The flexible genome [pic from nature.com]

I recently attended a conference at Harvard Medical School on big data and translational medicine.  Translational medicine is the discipline that links scientific discovery (bench insights) to patient care (at the bedside, hence the term that is sometimes used..."bench to bedside").  The general idea is that we never have a truly clean slate of health.  We are conceived, born, live our lives and eventually die.  During this time, we are in a constant state of change. While we have  a solid set of genes in our personal genetic code, they are under considerable pressure from other elements such as regulatory genes and epigenetic signals that are influenced by an individual's internal and external environment.  Some of the changes wrought by these elements are permanent and others are transient but either way, they affect the expression of the our genes in real time throughout our lives and constantly nudge us towards disease.  Add to the mix DNA repair mechanisms that also become less effective as we age, and the scene is set for our gradual demise from before we are even born. At any given time, we have a number of mutations and damaged physiological systems that do not constitute enough for overt disease.  Over time, these effects multiple and at some point we will experience a symptom or two and eventually, a diagnosis.  By the time the symptoms appear, the disease has become quite complex and pervasive, and because of this it is much more difficult to treat. If it could be caught in the earlier stages where there are fewer factors involved, and fewer compensatory systems triggered, it could potentially be nipped in the bud. This is one major goal of translational medicine- to identify the unique signals that show disease or disease risk at a stage where treatment is likely to be more targeted and more successful.

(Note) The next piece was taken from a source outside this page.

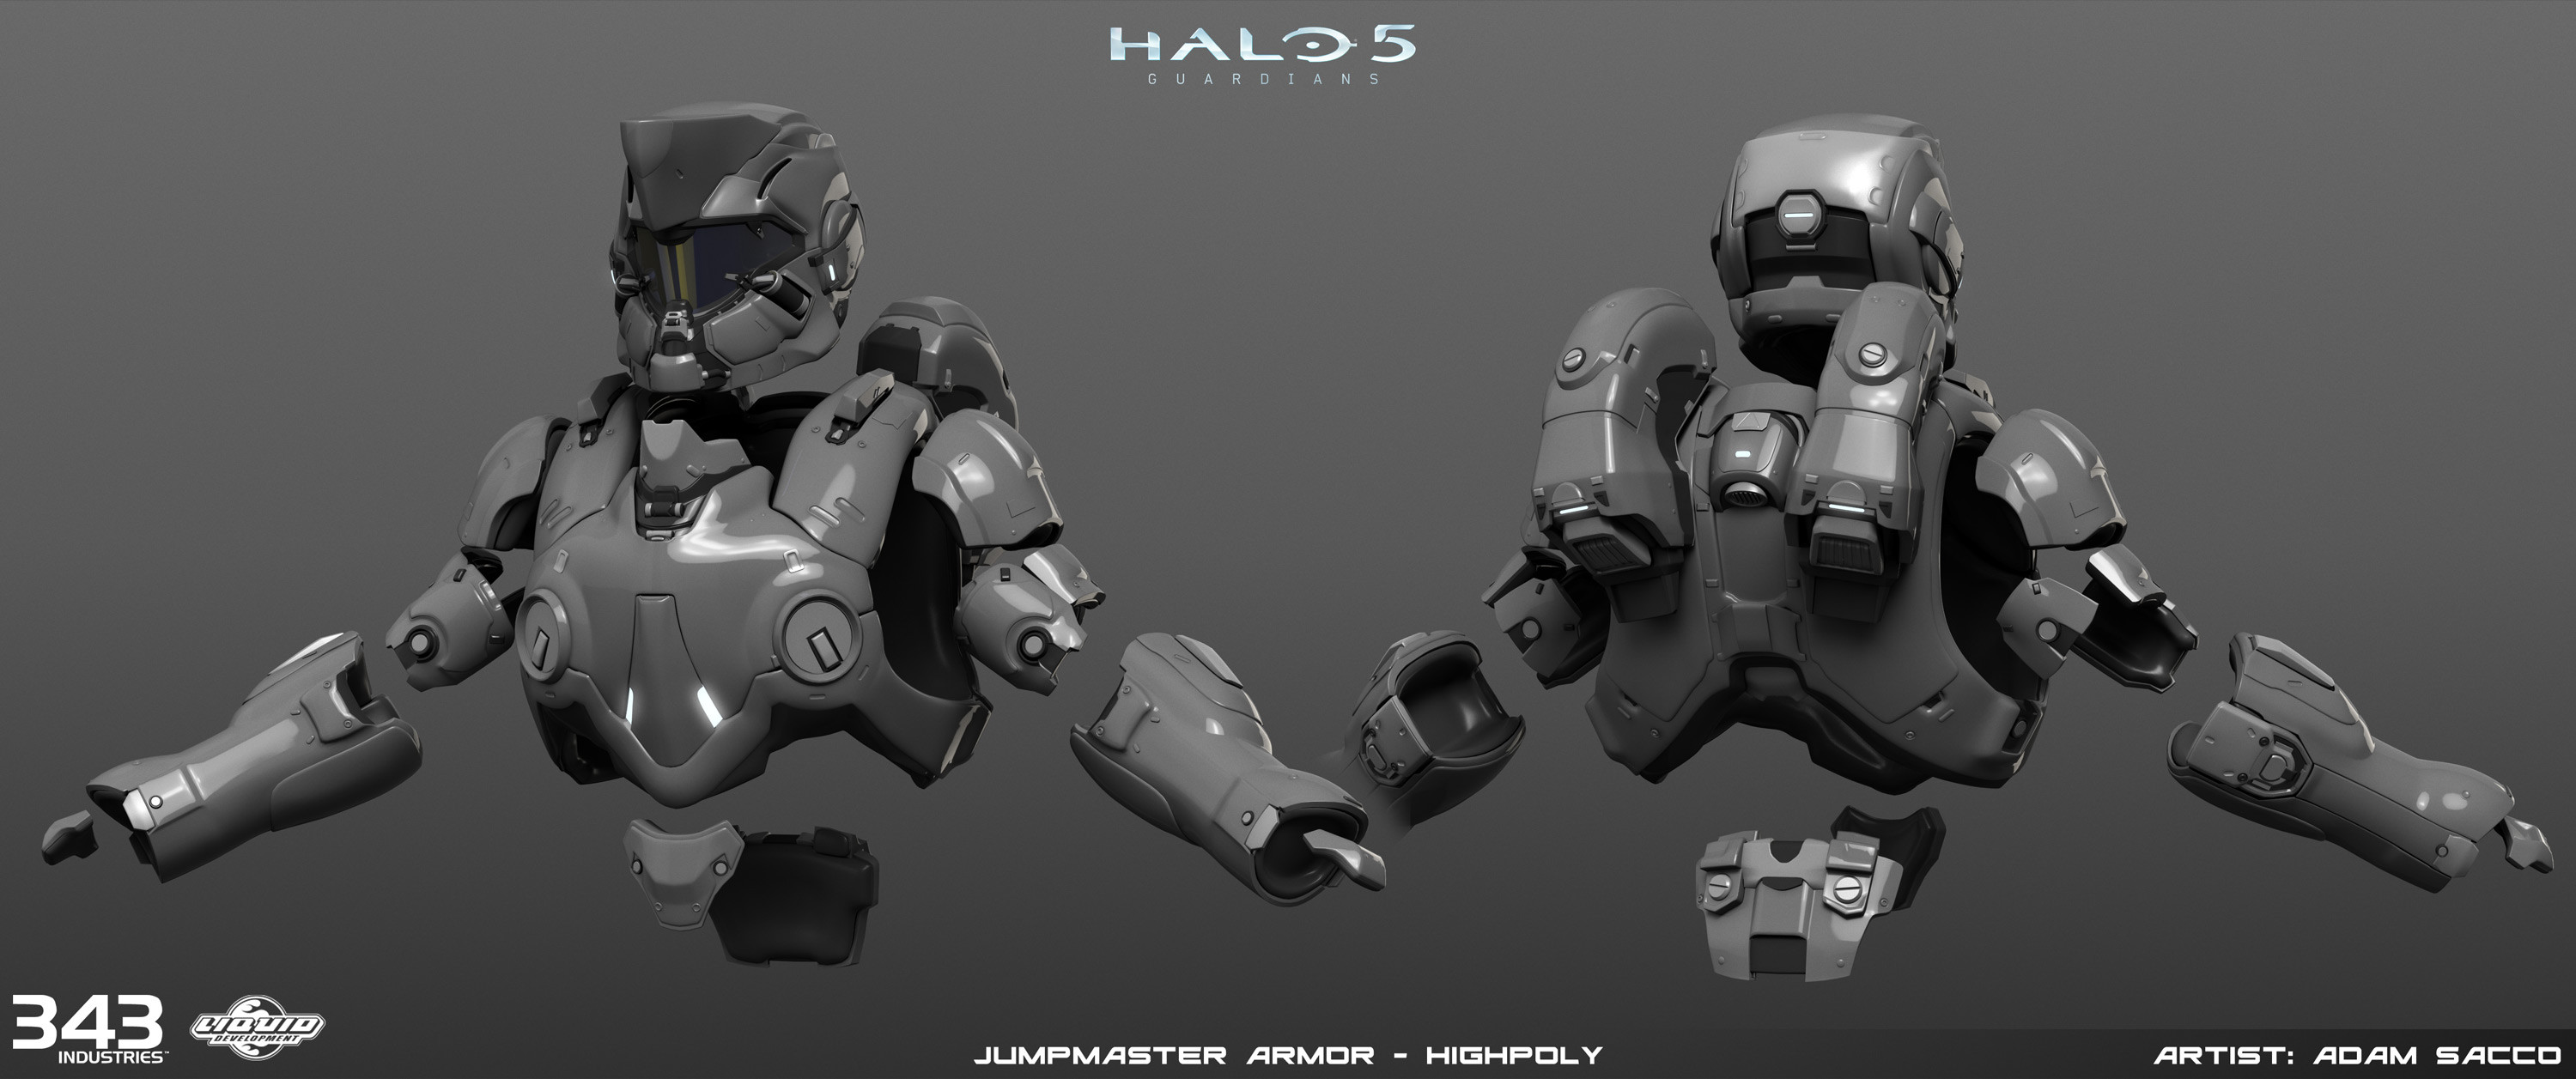 Halo 5 - Jumpmaster armor - high poly

Everything above is old news, but the conference revealed exciting new directions for translational medicine.  For the first time, I have hope that personalized medicine is really starting to become a reality.  Large data sets are being collected, not by physicians or pharmaceutical companies, but by patients.  Over 95% of these patients are allowing their data to be used for massive projects that will attempt to connect early signs and symptoms with the risk of various chronic diseases.  Linking seemingly insignificant phenotypic changes to chronic disease development will eventually allow serious diseases to be detected before they become fully fledged and more entrenched.  For instance, already we know that slow blink rate is related to Parkinson's Disease and this can be used as a flag to look for additional symptoms in patients who are at risk of  Parkinson's.  Whether medicines can be developed and given to patients at these very early stages remains to be seen, but a critical step is incorporating some of these phenotypic or 'patient-reported-outcomes' (PROs) into clinical trials so that the more subtle signs associated with disease can be used to monitor effectiveness of treatments in early stages.  Big data is crucial here, and that patients are willing to share their data at such an unprecedented rate is remarkable.  I have had ideas about epigenetic disease triggers, PROs as trial endpoints, and very early disease intervention for many years, and to see it start to come together as translational medicine is absolutely thrilling to me.

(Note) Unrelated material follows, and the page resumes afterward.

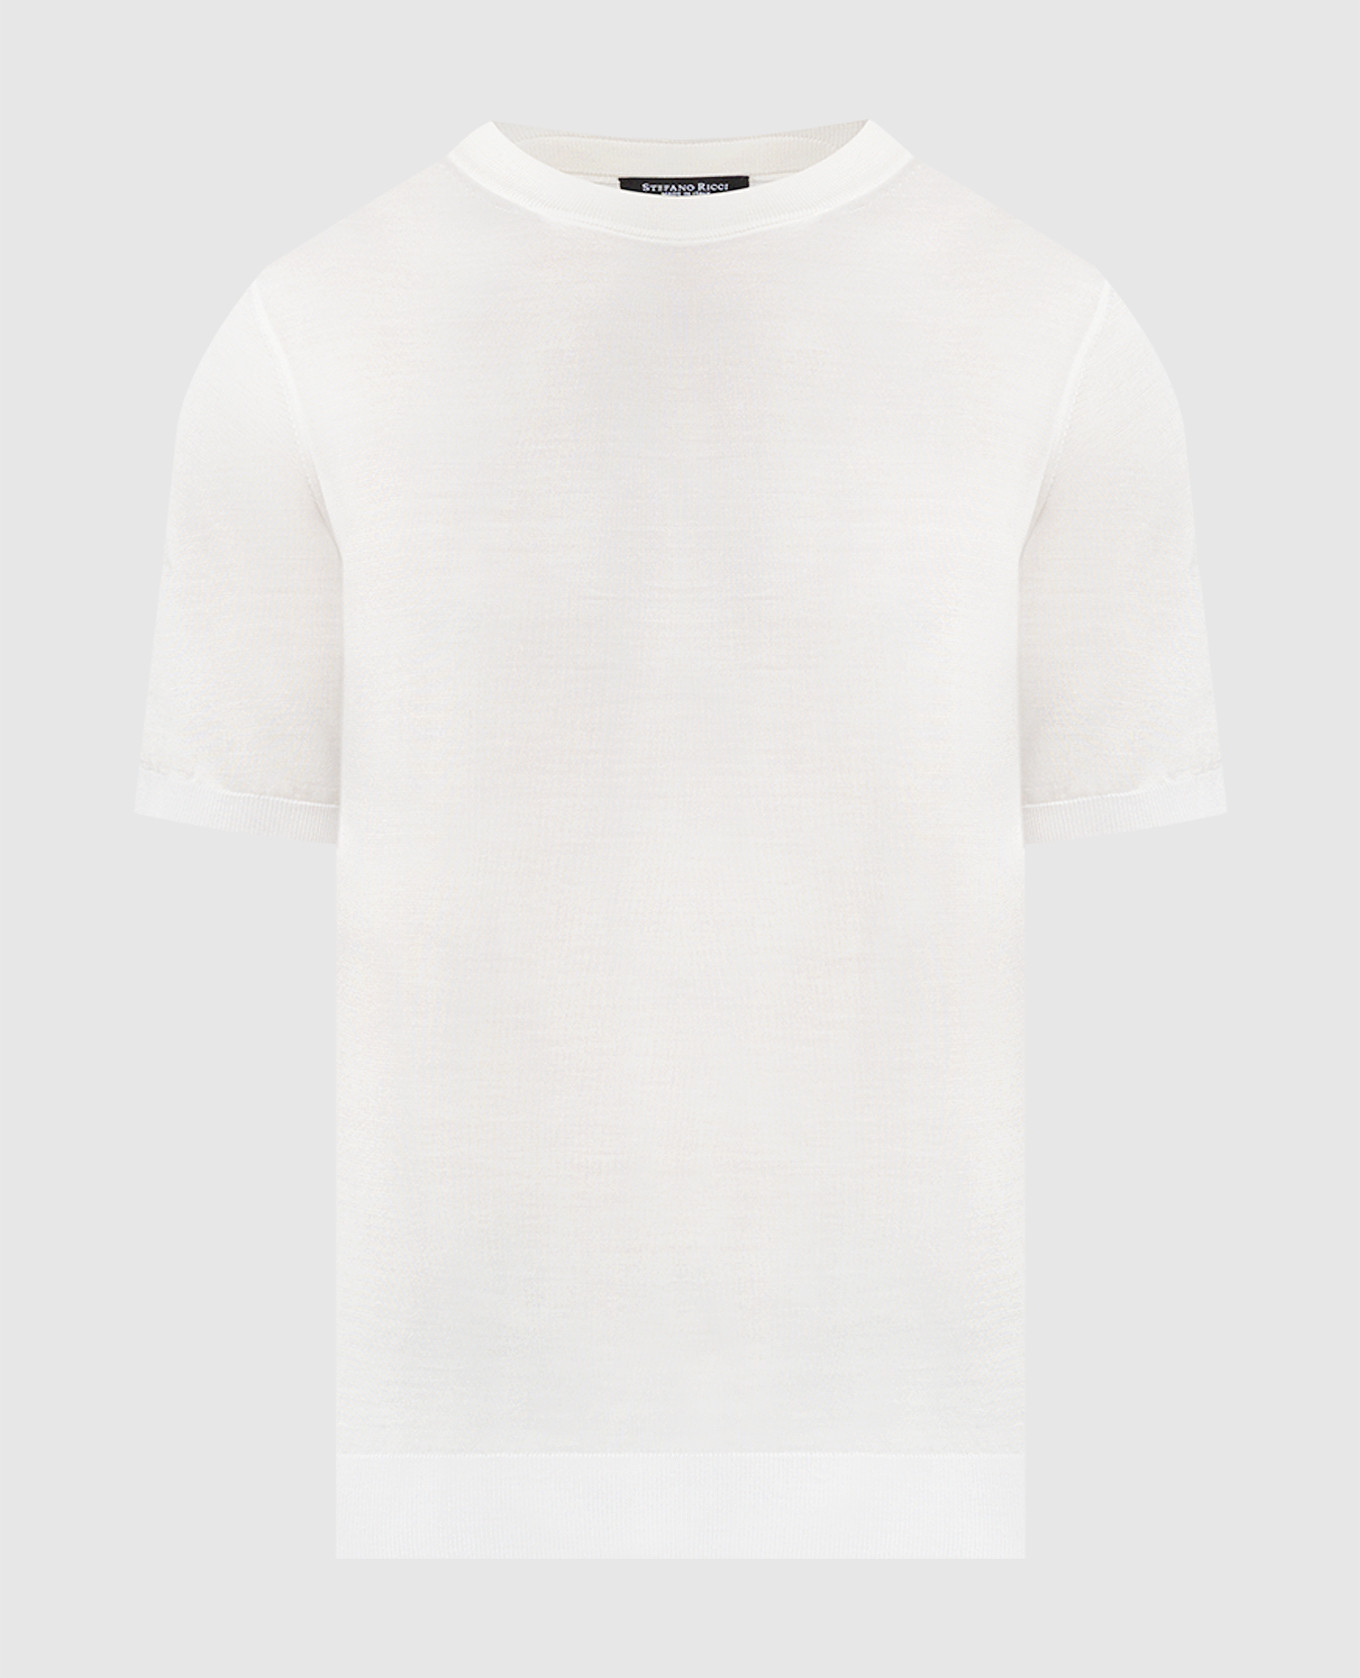 Camiseta de seda blanca con logo.

I believe we are on the edge of a precipice and that this science will now begin to accelerate on a logarithmic scale.  Astra Zeneca just signed a nice deal with PatientsLikeMe, which is a strong indication that personalized medicine is about to go mainstream.  I can't image a more exciting time to be in healthcare.  Now, if we can also figure out the economics of the system and make that work in favor of the patient versus the insurers, we would be firmly on the path to better health for all.